Following local government boundary changes in Bedford in 2011 Castle Ward previously included almost all of Bedford town centre, but only the western part of the Castle Road neighbourhood, as the eastern part of which was included in Newnham Ward. Castle's electoral ward boundaries then were Bromham Road and Goldington Road to the north, Denmark Street to the east, the Rope Walk to the south, and the Midland Mainline Railway to the west. It was the only ward in the town of Bedford to be located on both sides of the River Great Ouse. Castle elected two councillors to Bedford Borough Council.

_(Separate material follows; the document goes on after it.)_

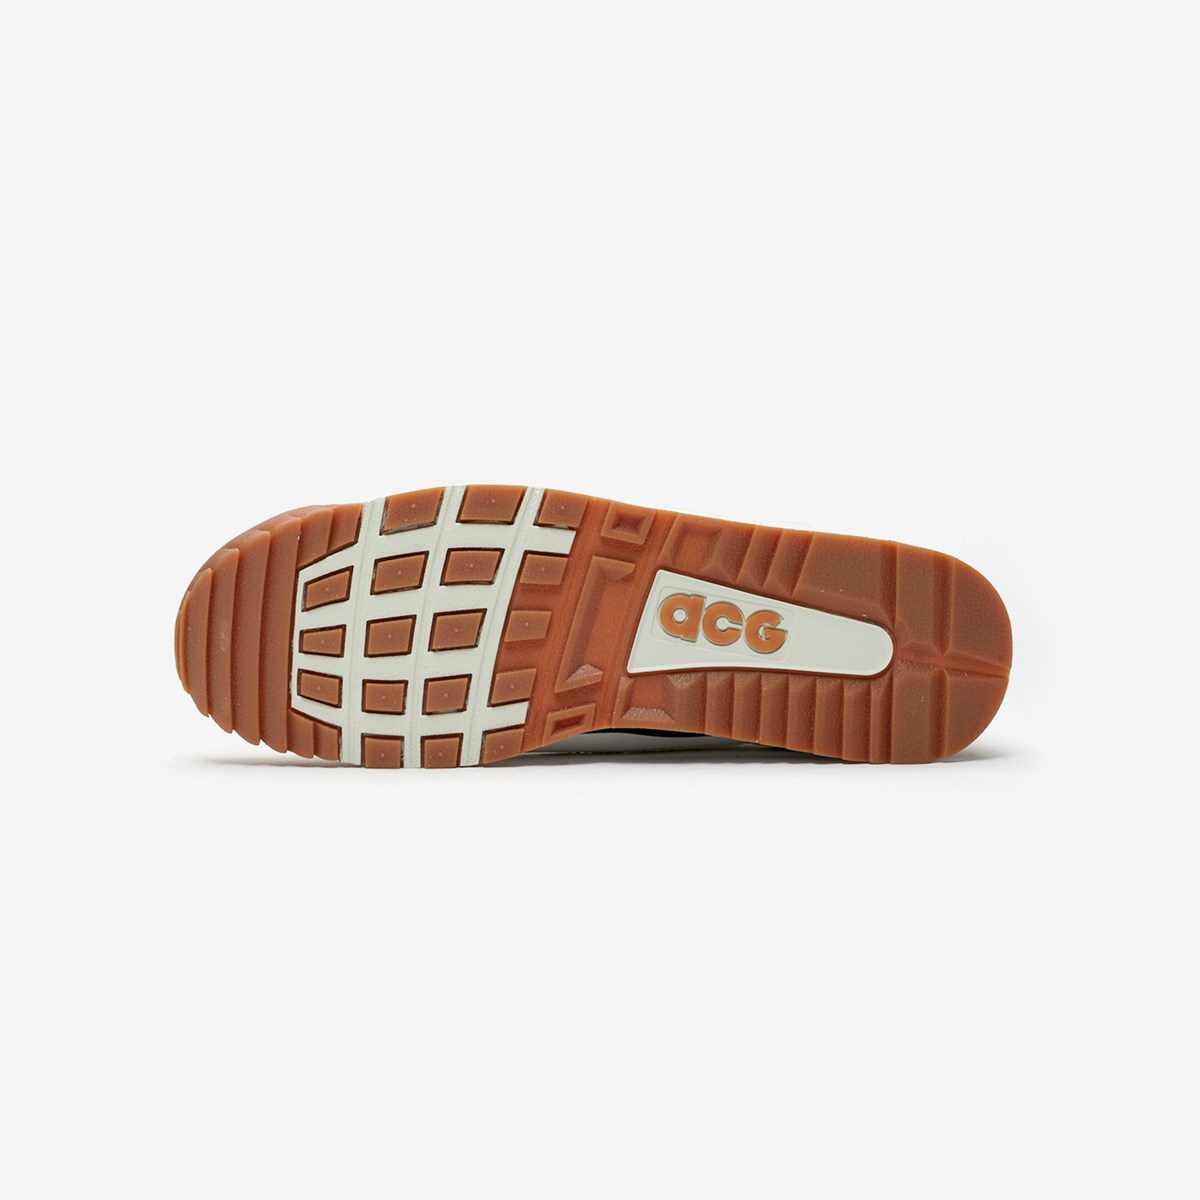 promo code 8e222 93313 Nike Air Wildwood ACG - Ao3116-100 - Sneakersnstuff   sneakers   streetwear  online since 1999

Boundary changes before the 2023 election saw the formation of a new electoral ward covering the town centre, named Greyfriars and electing one councillor. This extends from Harpur Street to the Midland Mainline Railway, taking in the former western part of Castle ward. At the same time, the Castle ward was extended eastwards from the old boundary of Denmark Street as far as Newnham Avenue and also including Aylesbury Road, Hatfield Crescent, Riseborough Road and Wendover Drive. The southern boundary was moved north to the River Great Ouse. These changes also saw the ward, which still elects two councillors, renamed Castle and Newnham.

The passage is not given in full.